WHAT YOU HAVE TO DO: Copy out the data exactly as it appears, without a single image.

*** INFORMATION SUPPLIED Section Begins ***

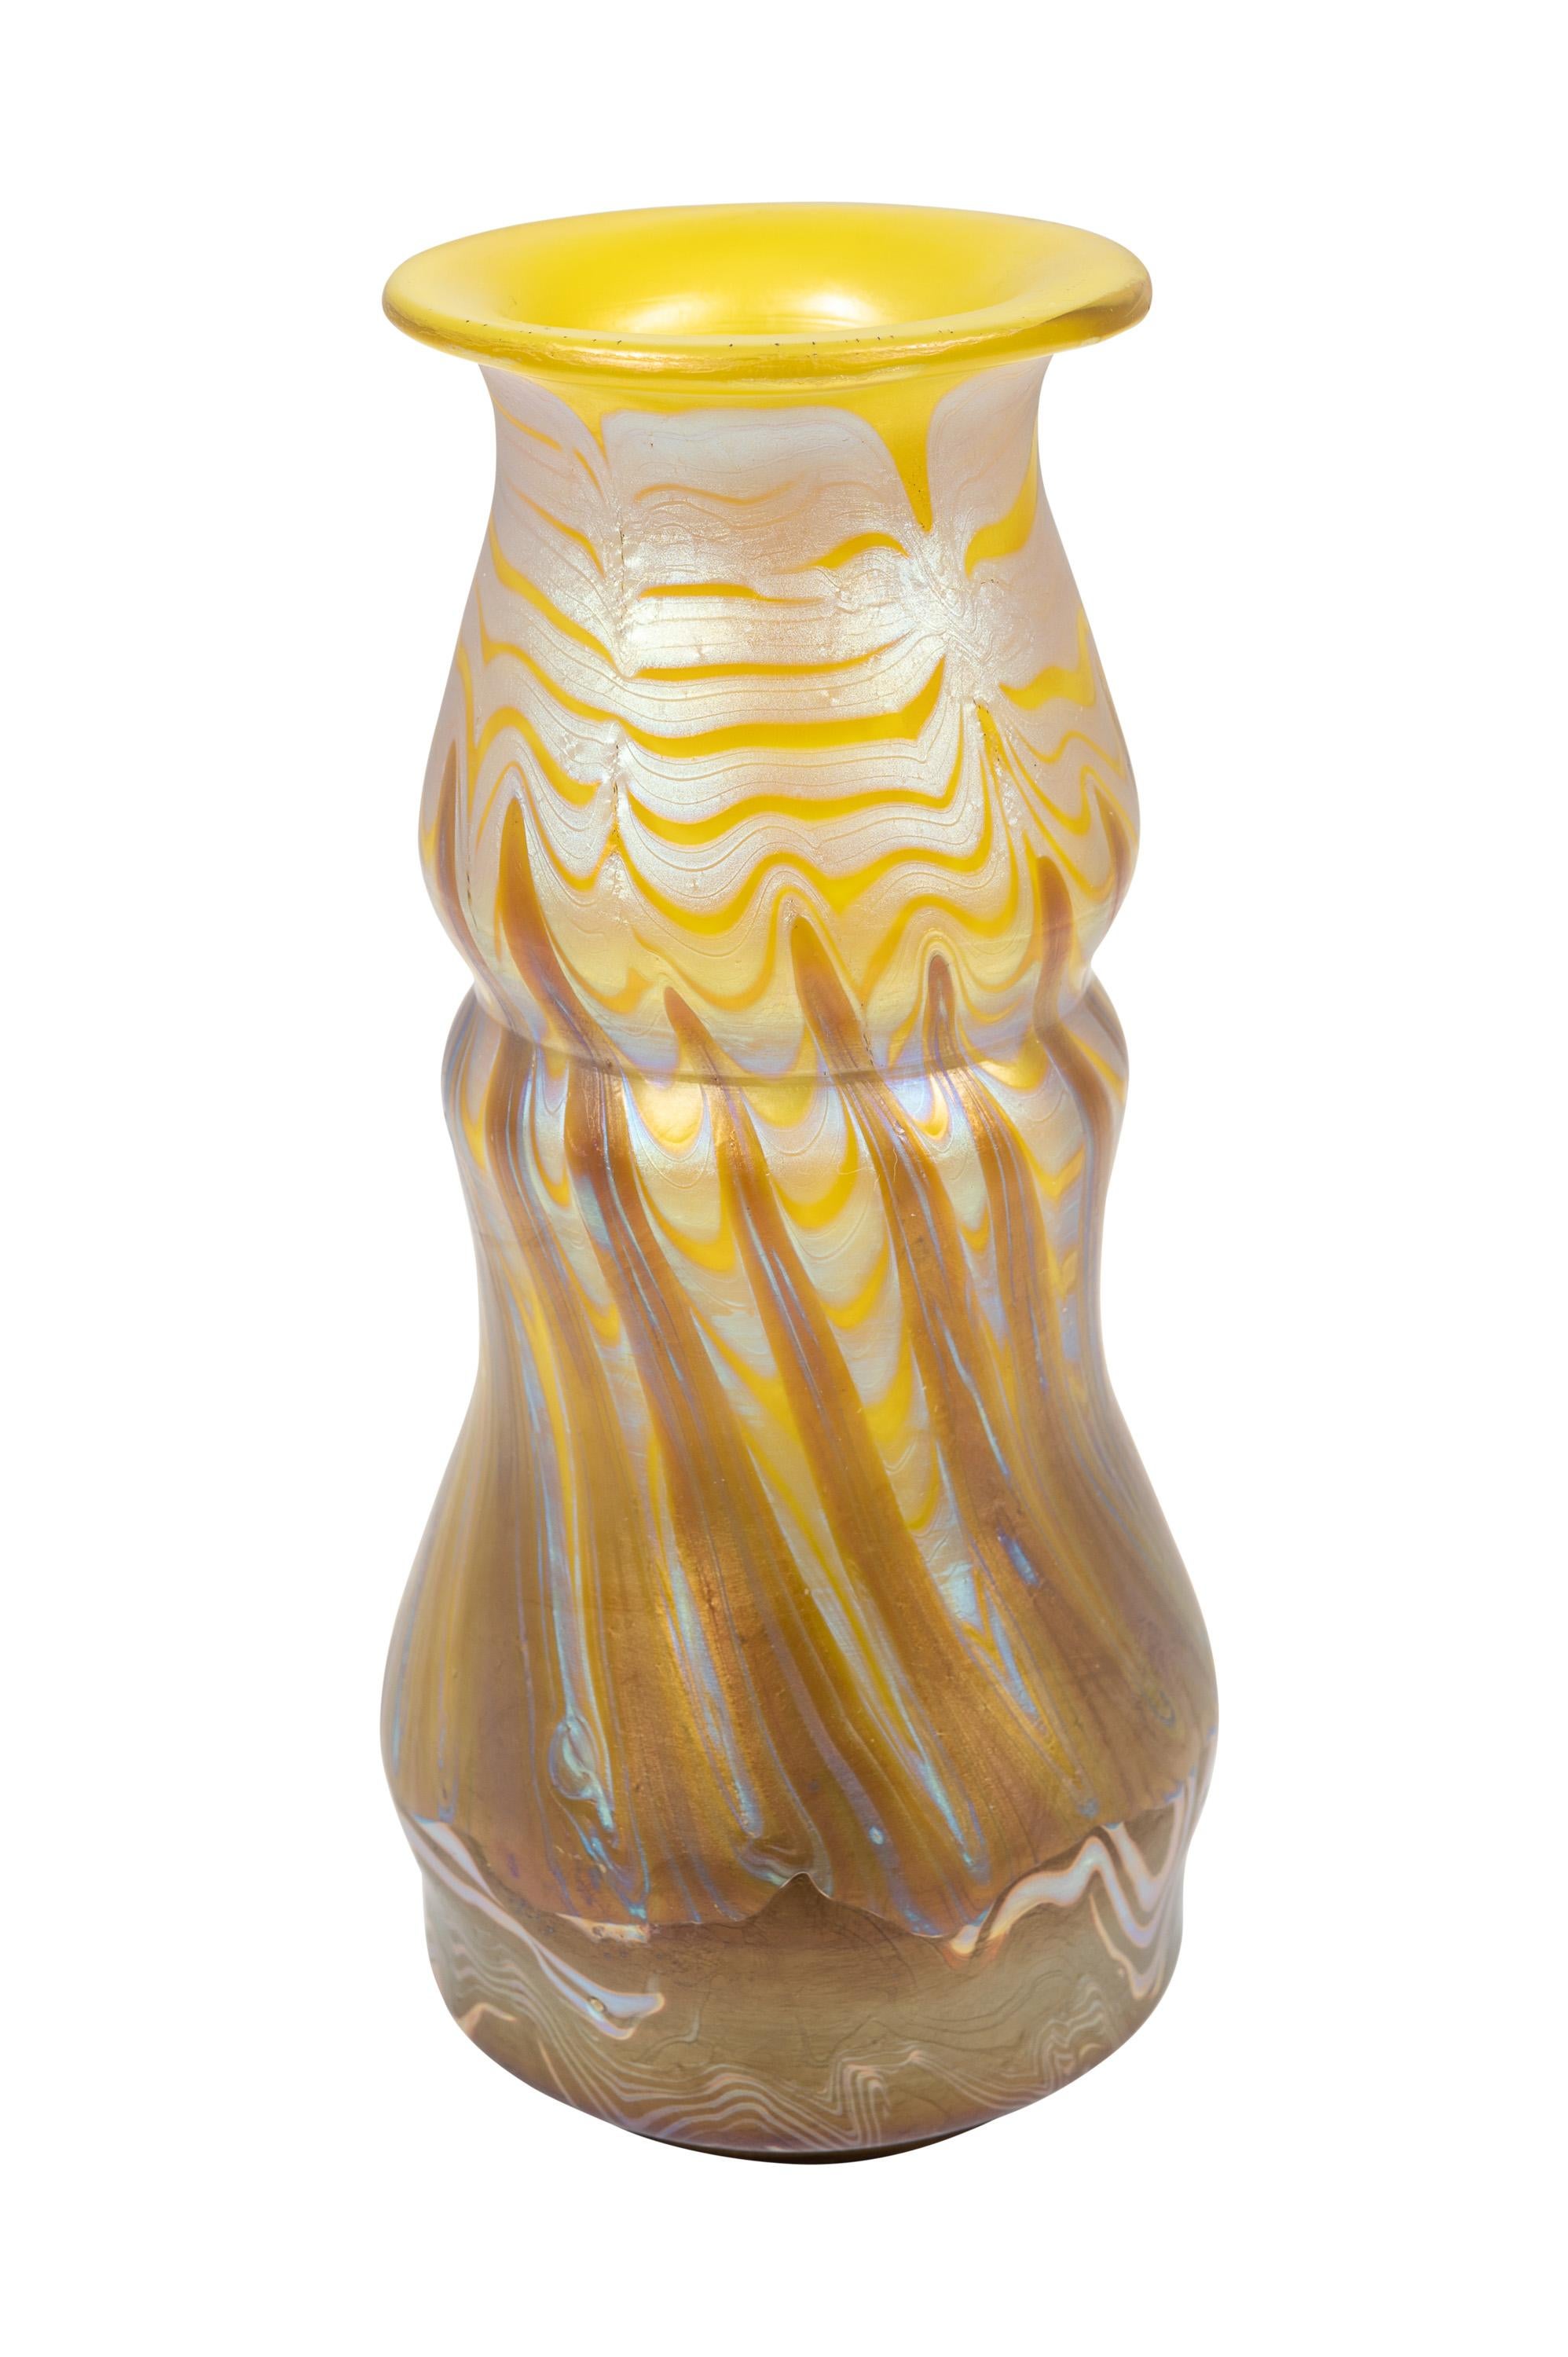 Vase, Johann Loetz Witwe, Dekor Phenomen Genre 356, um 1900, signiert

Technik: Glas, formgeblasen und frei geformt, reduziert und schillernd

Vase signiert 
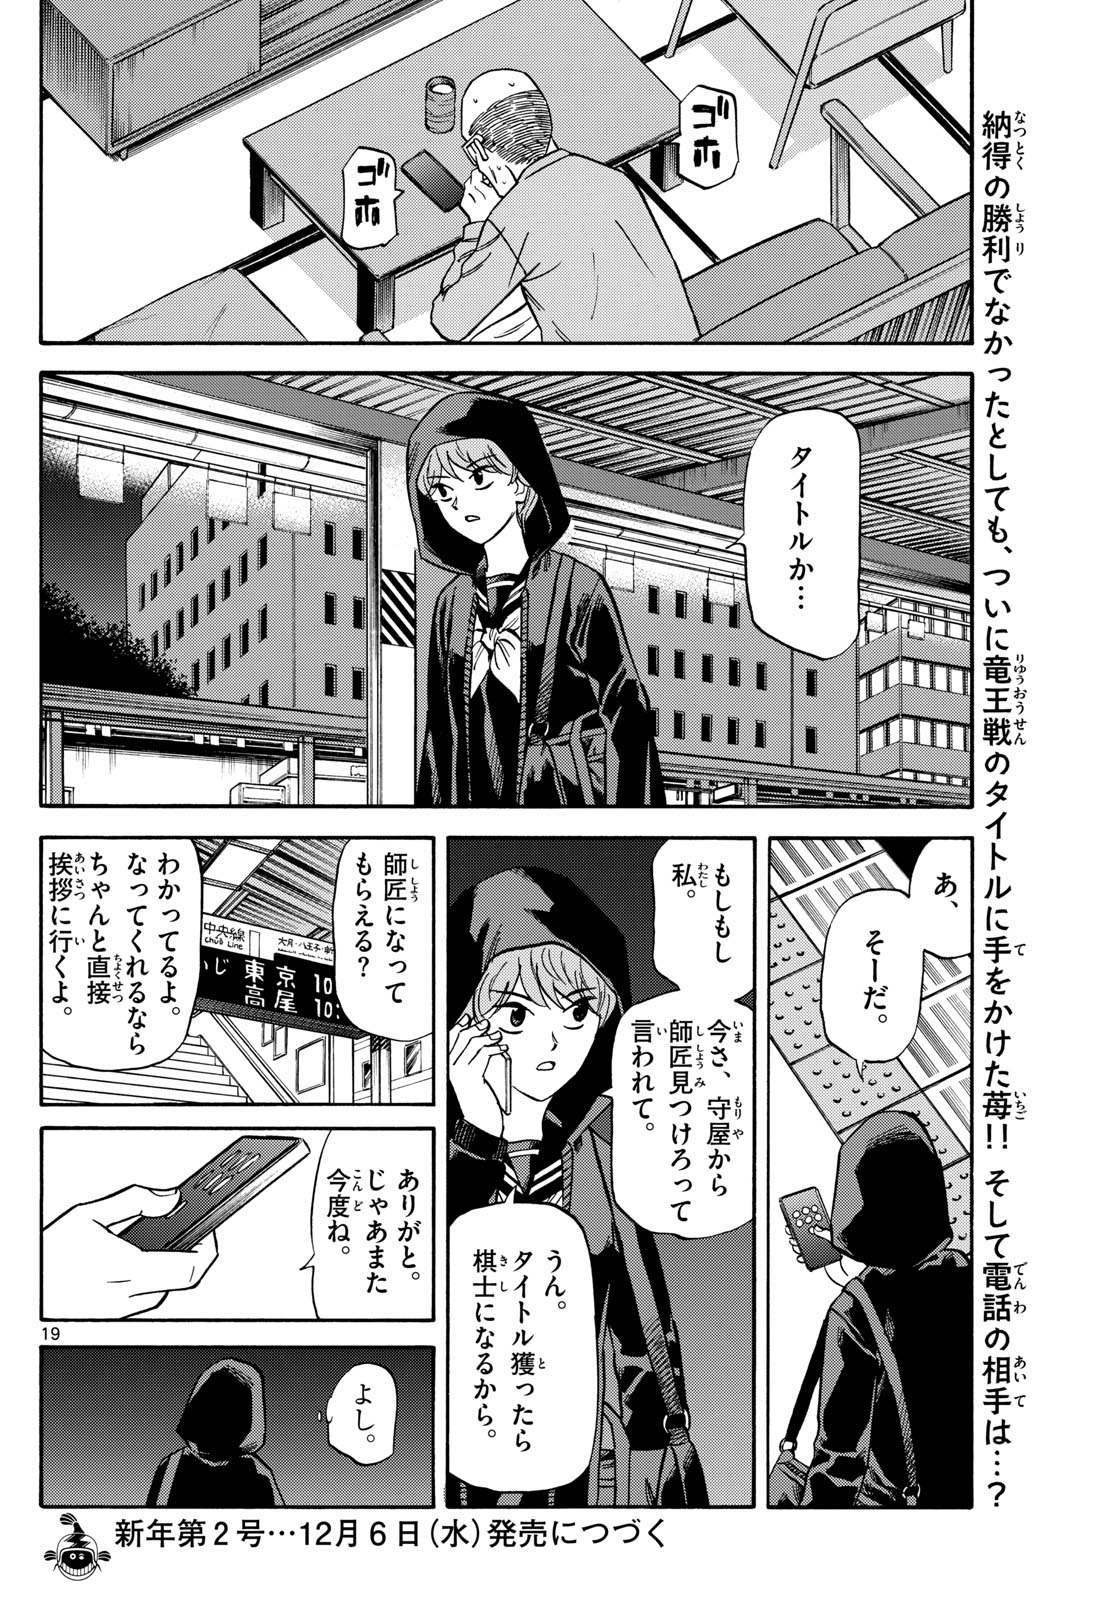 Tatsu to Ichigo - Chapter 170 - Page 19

*** INFORMATION SUPPLIED Section Ends ***

OUTPUT BELOW:
 Vase, Johann Loetz Witwe, Dekor Phenomen Genre 356, um 1900, signiert

Technik: Glas, formgeblasen und frei geformt, reduziert und schillernd

Vase signiert 
 Tatsu to Ichigo - Chapter 170 - Page 19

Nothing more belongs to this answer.